— DATA SEGMENT —
_____
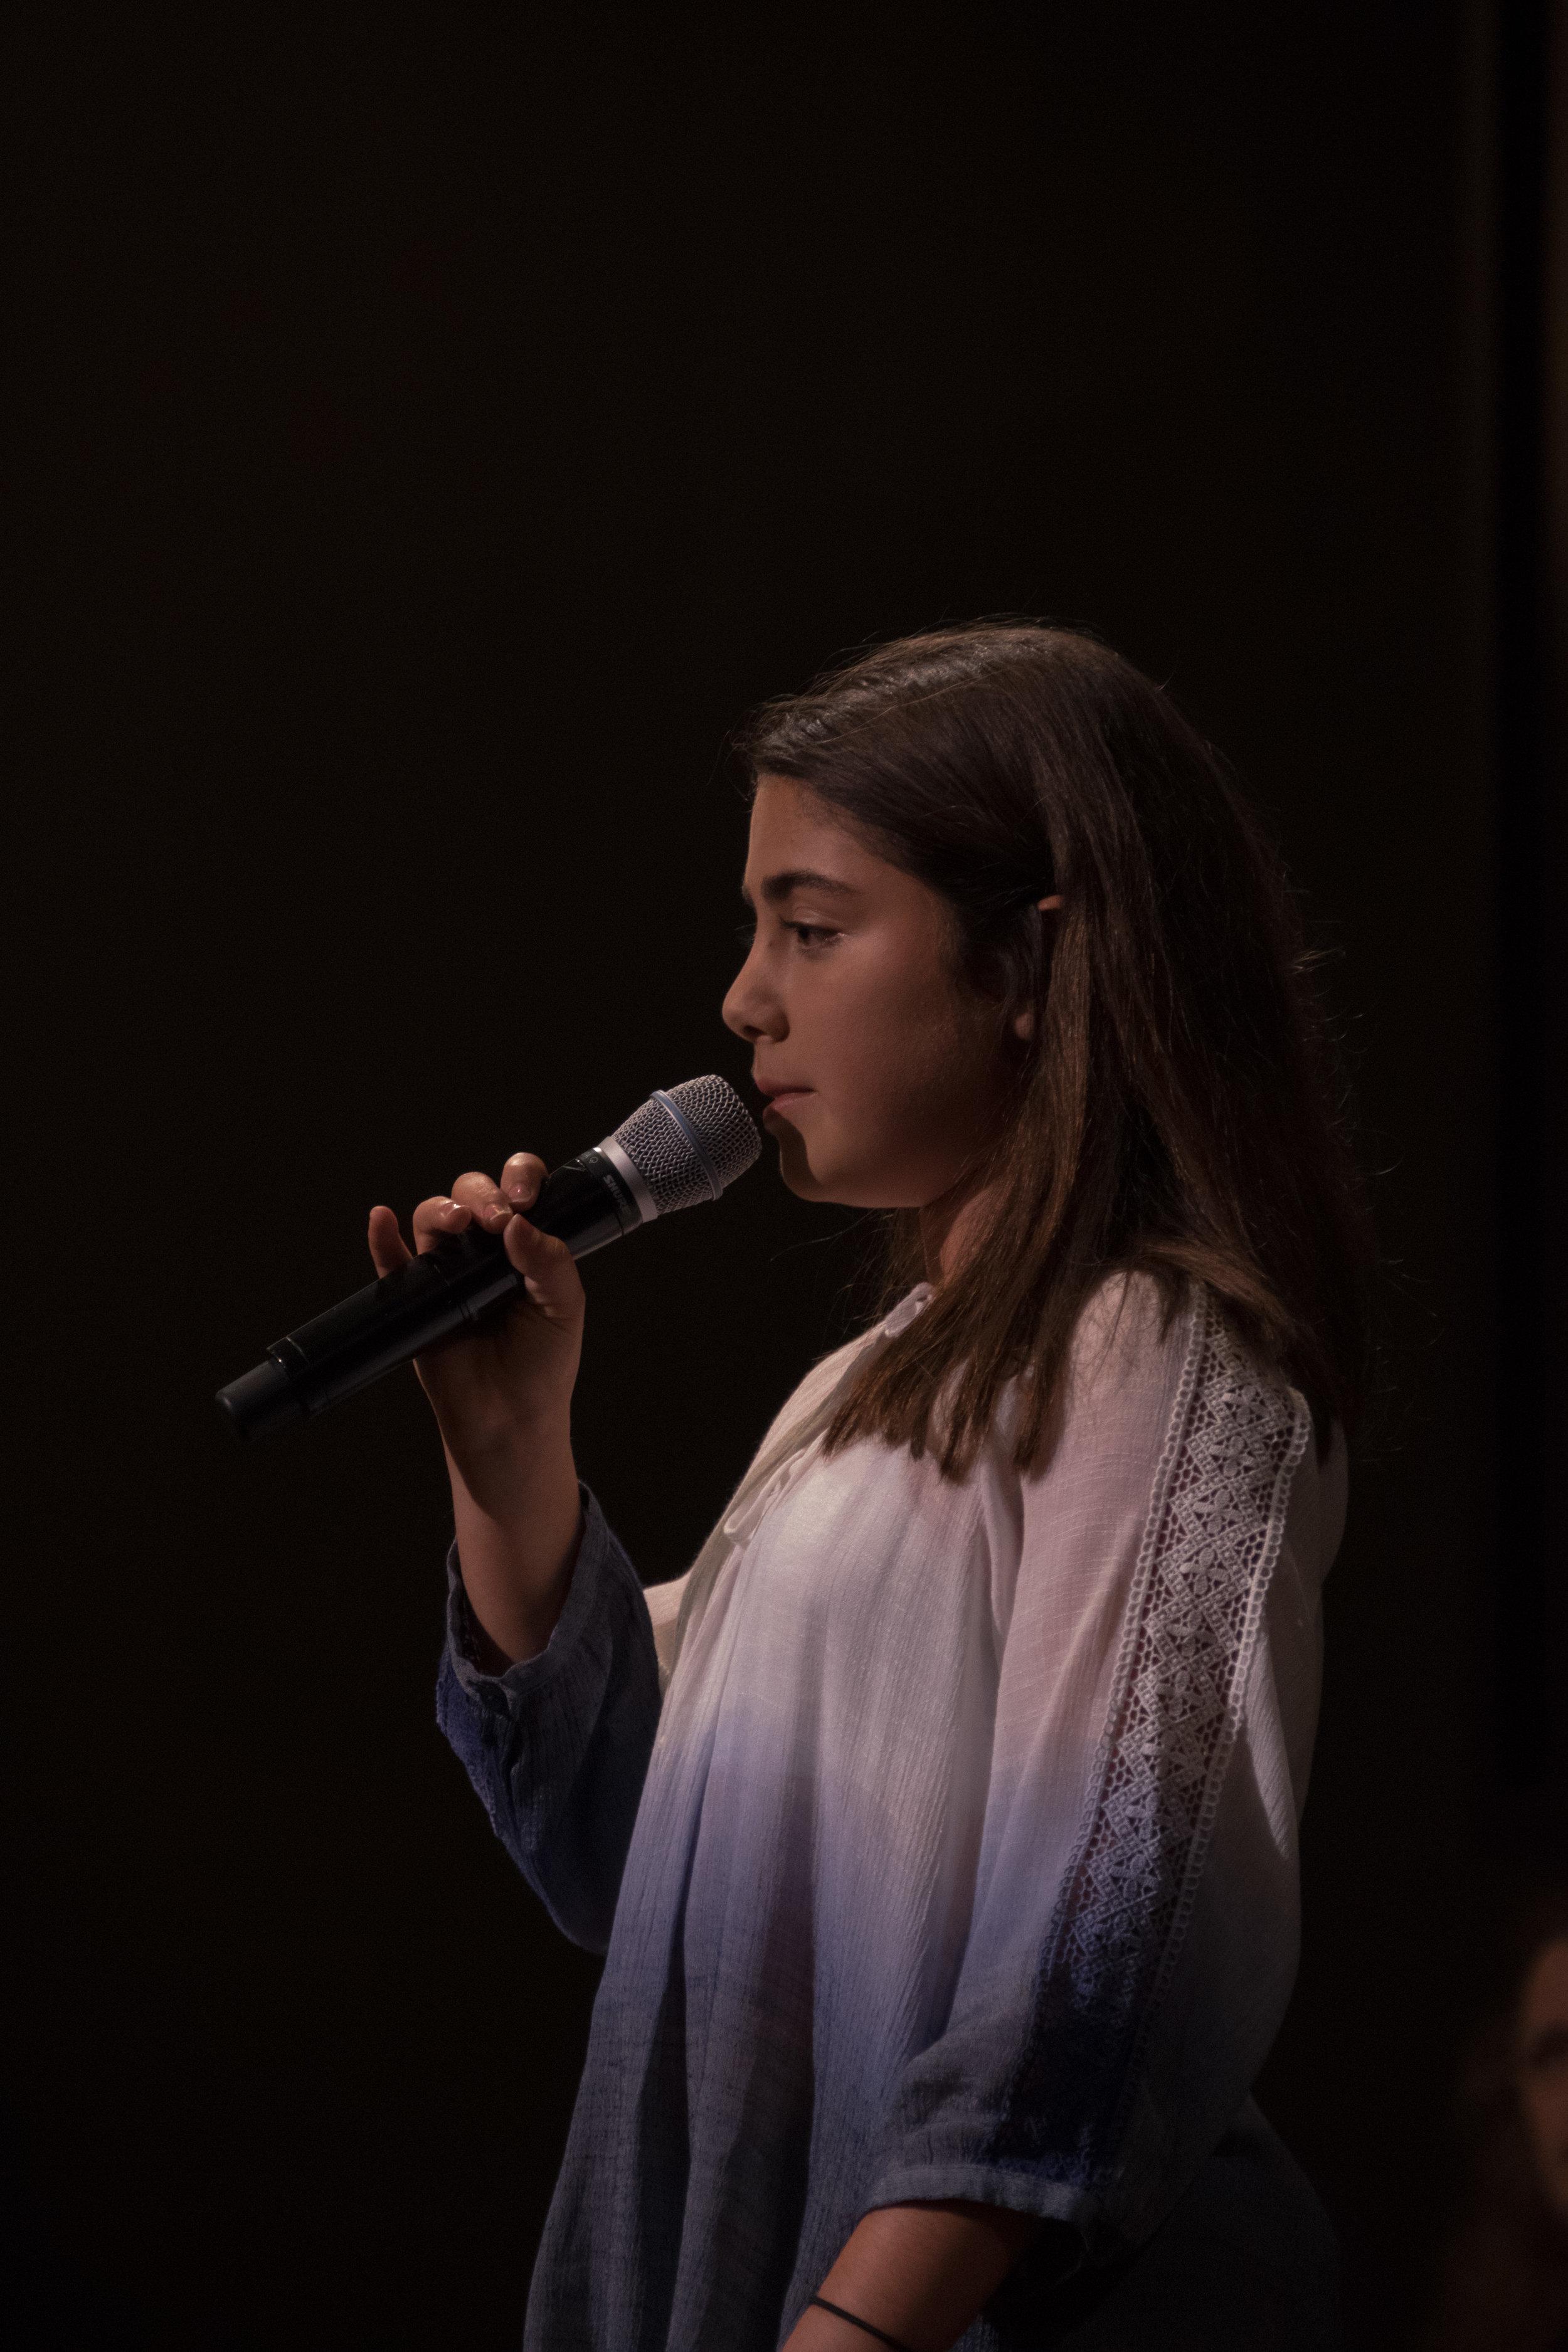 Isabella Balikian
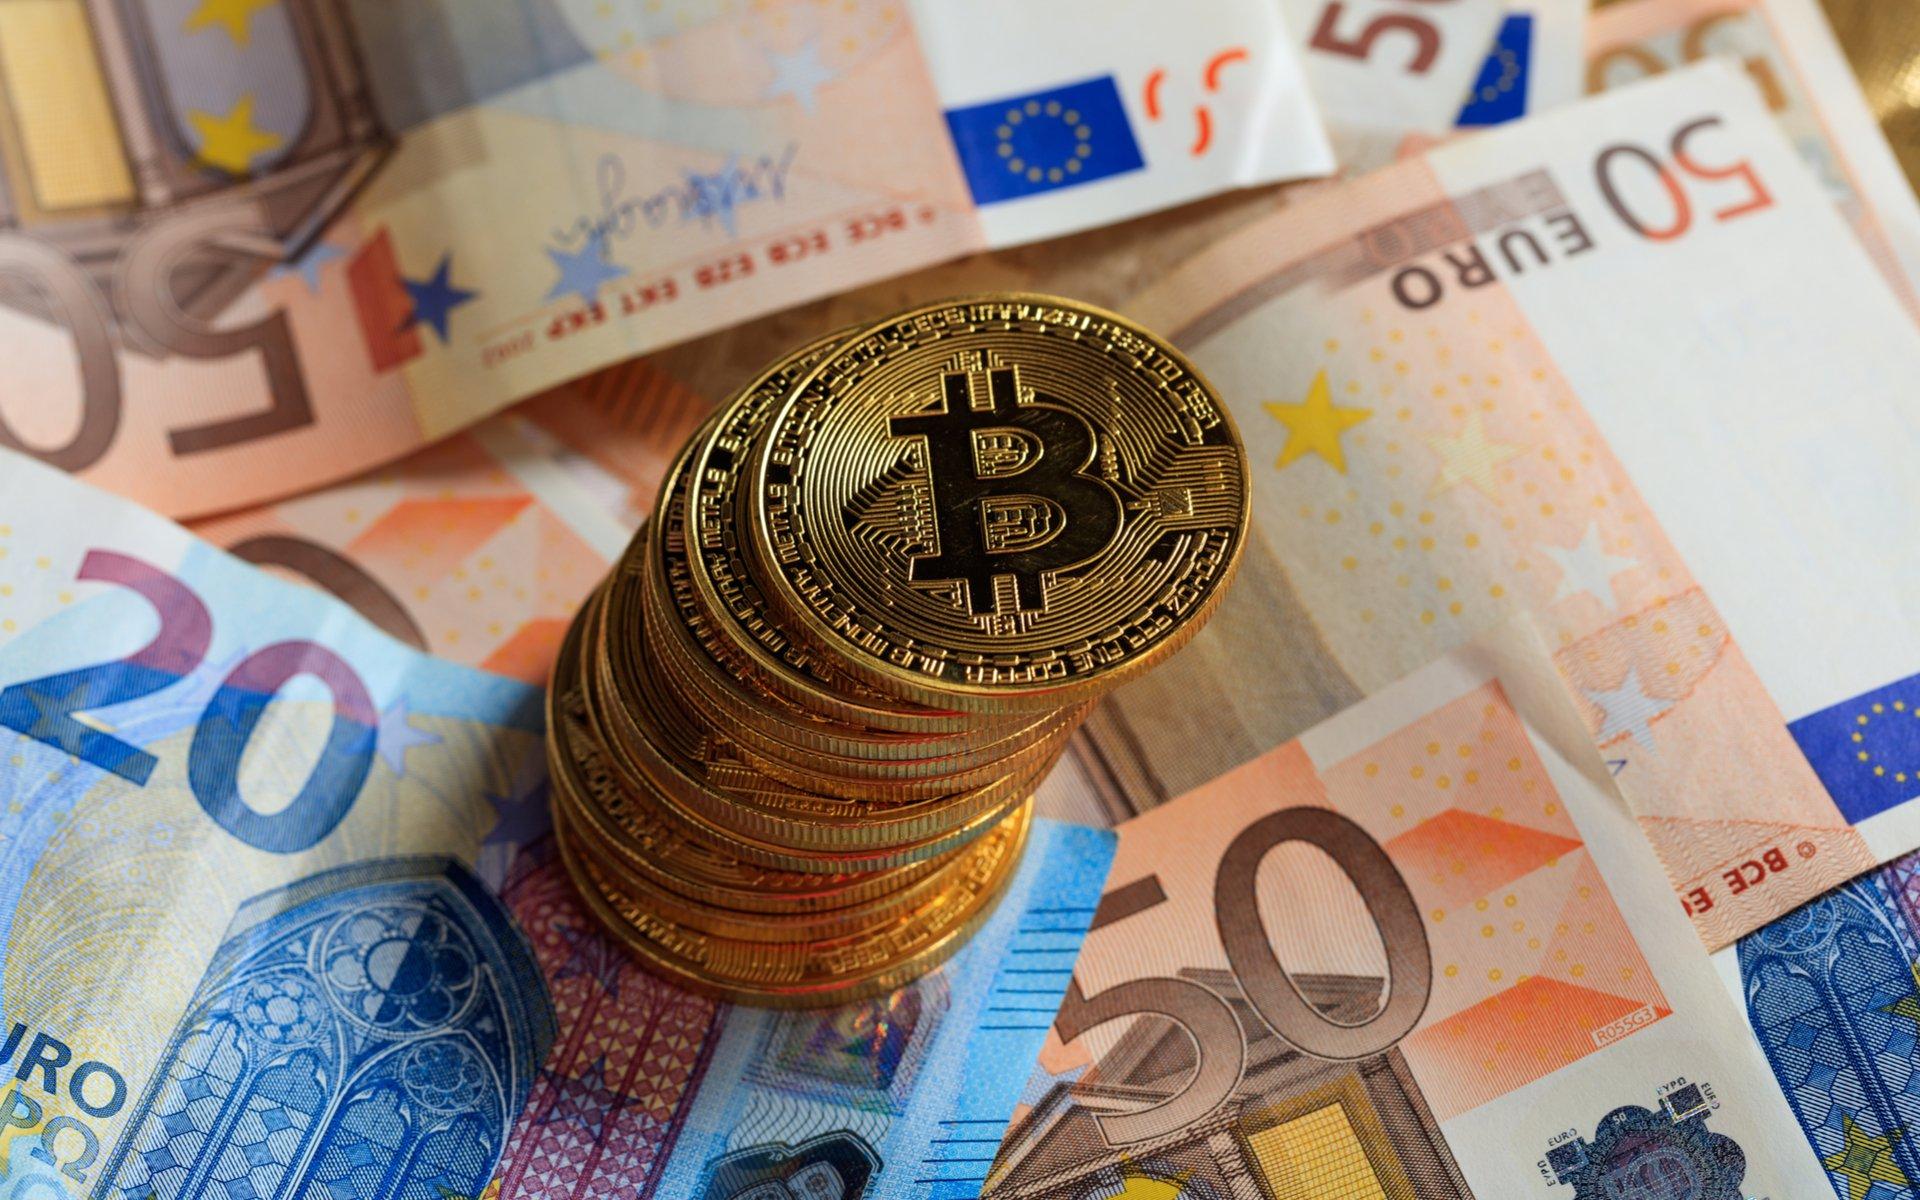 Binance to Launch Euro Trading Pairs This Year
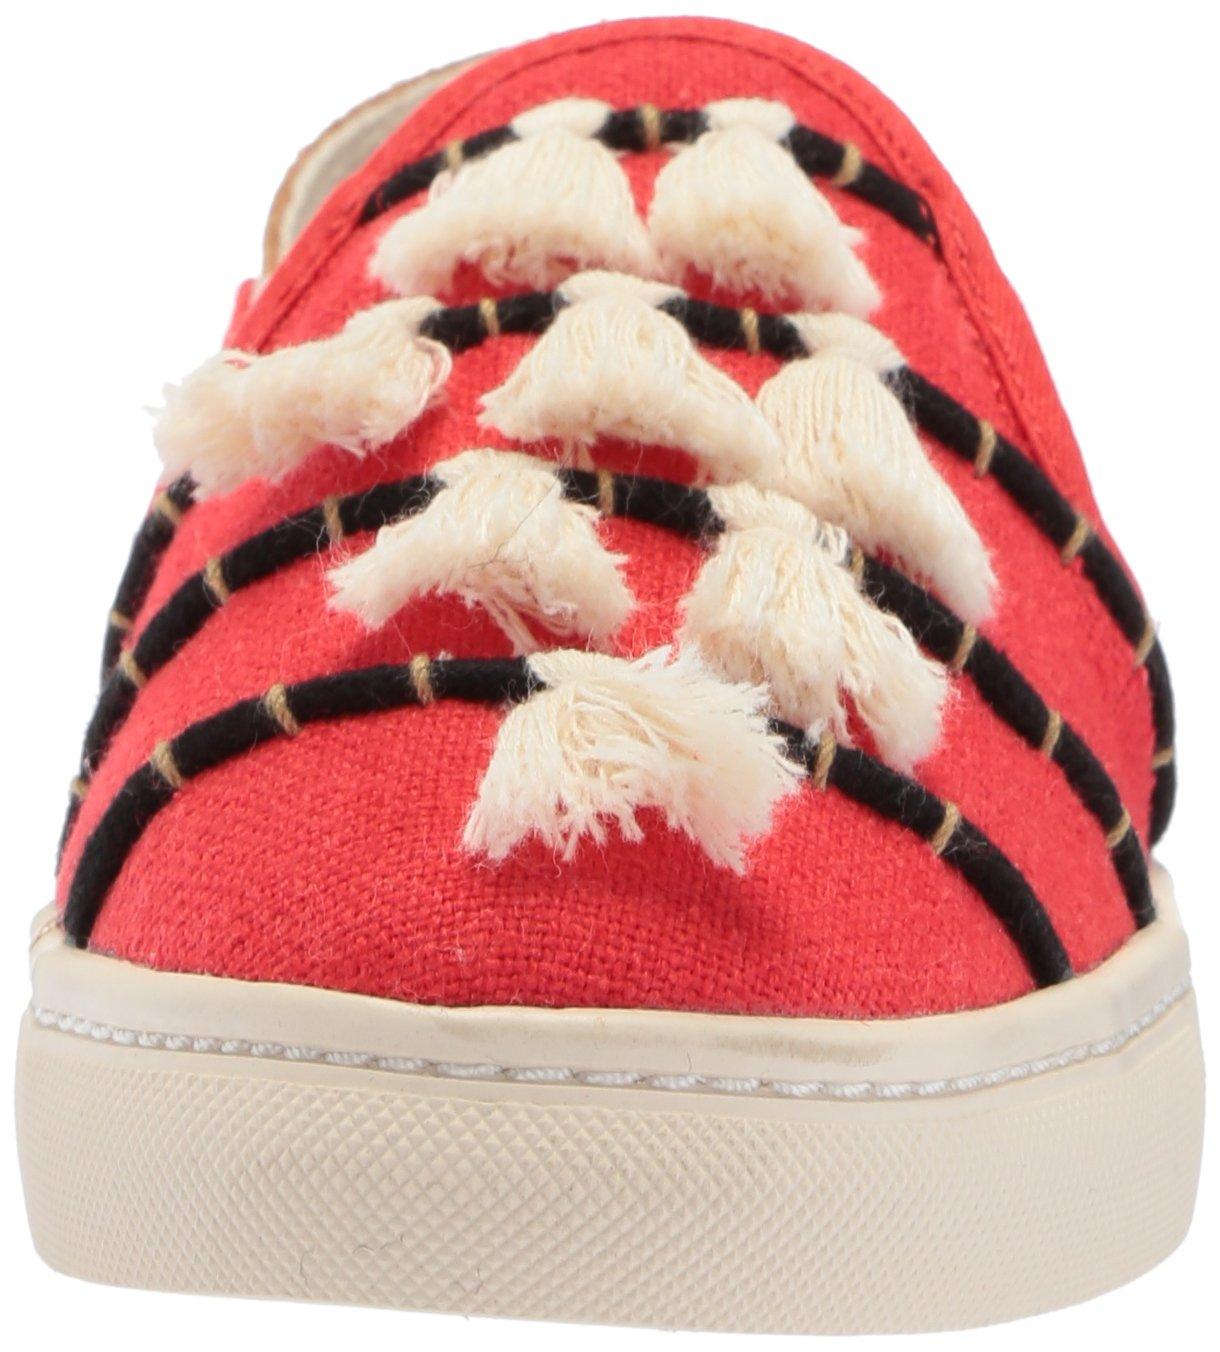 Soludos Women's Tassel Slip Sneaker, Red/Beige, 8 B US by Soludos (Image #4)
_____
— WHAT YOU HAVE TO DO —
Reproduce verbatim every line starting at the line that holds "Binance to Launch" and ending with the final line of the data; omit the pictures.

— PROBLEM SOLUTION —
 Binance to Launch Euro Trading Pairs This Year
 Soludos Women's Tassel Slip Sneaker, Red/Beige, 8 B US by Soludos (Image #4)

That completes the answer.